ウィンターズ・ボーン(2010年製作の映画)
4.0
No.1569
2023.12.19視聴 ジェニファー・ローレンス(2010年 3作目)(20歳)

 さあ、やっと紹介することができます。ジェニファー・ローレンスの隠れた名作。しかも初主演作品。
私の絶対的推薦の作品。
このジェニファーを見ずして、ジェニファーは語れない。ジェニファーファンには是非観て欲しい。と言っても、目立つのはジェニファーではないのですが。😅
 
 ちょっと前だが、「ウインド・リバー」というサスペンス映画を観て、アメリカ原住民の今を知り、正直驚いたことを思い出した。前世紀から世界に君臨し、繁栄の一途を辿るアメリカの恥部を見せられた思いだった。
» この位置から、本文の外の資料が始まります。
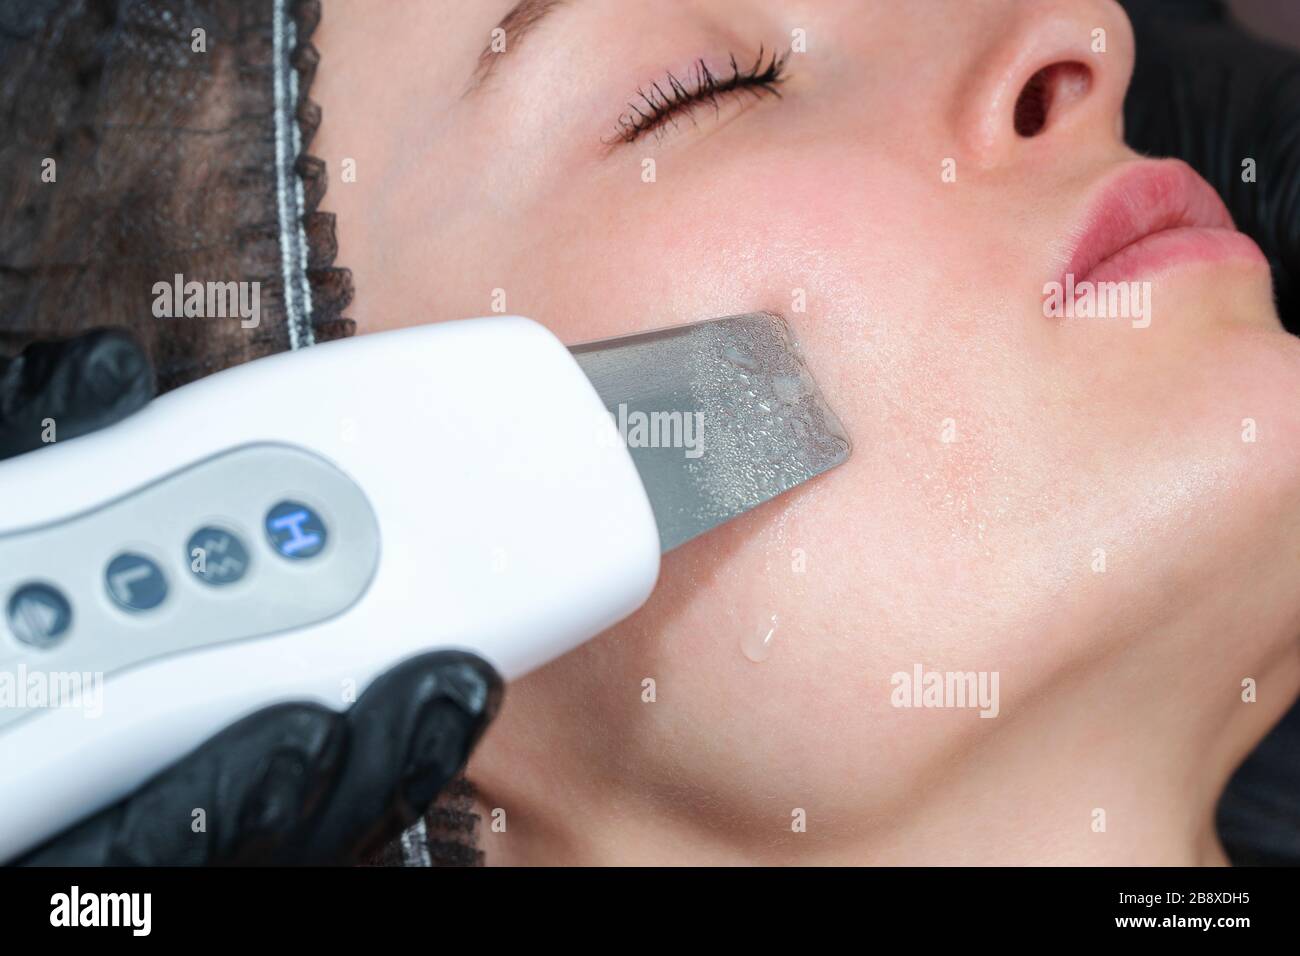 nettoyage du visage à l'aide d'un appareil à ultrasons Banque D'Images
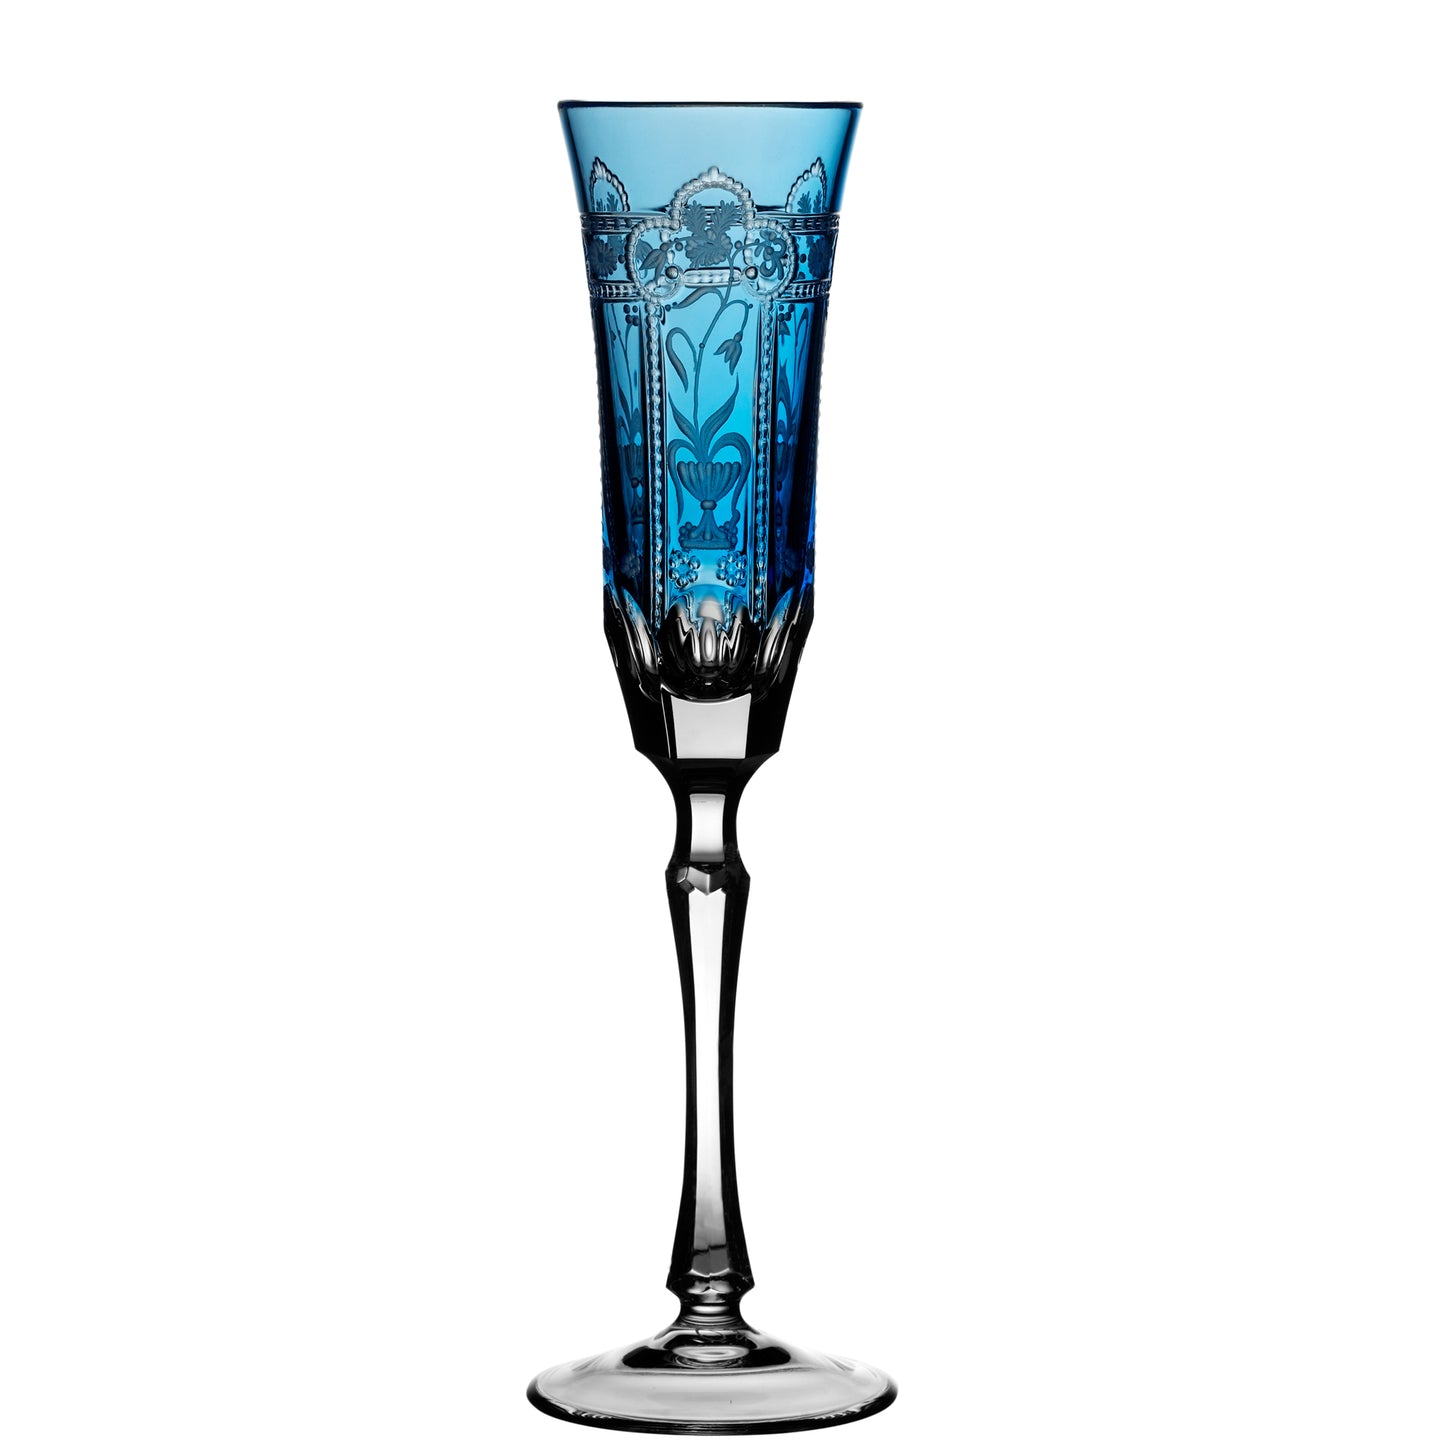 Varga Crystal Imperial Sky Blue Champagne Flute Pressed Stem

いかに巨大なアメリカを知らないか改めて思い知らされた。
 
 ところがひょんなことから、再びこのアメリカの隠された真実を知ることになった。

 オザーク山脈の村に住む17歳の少女リー(ジェニファー)は、心を病んだ母親に代わり幼い弟と妹の世話をして暮らしていた。
 しかしある日、逮捕された父親が自宅と土地を保釈金の担保にして失踪。
 このまま裁判に出廷しなければ家を没収されてしまう。やむを得ずリーは自ら父親捜しに乗り出すのだが……。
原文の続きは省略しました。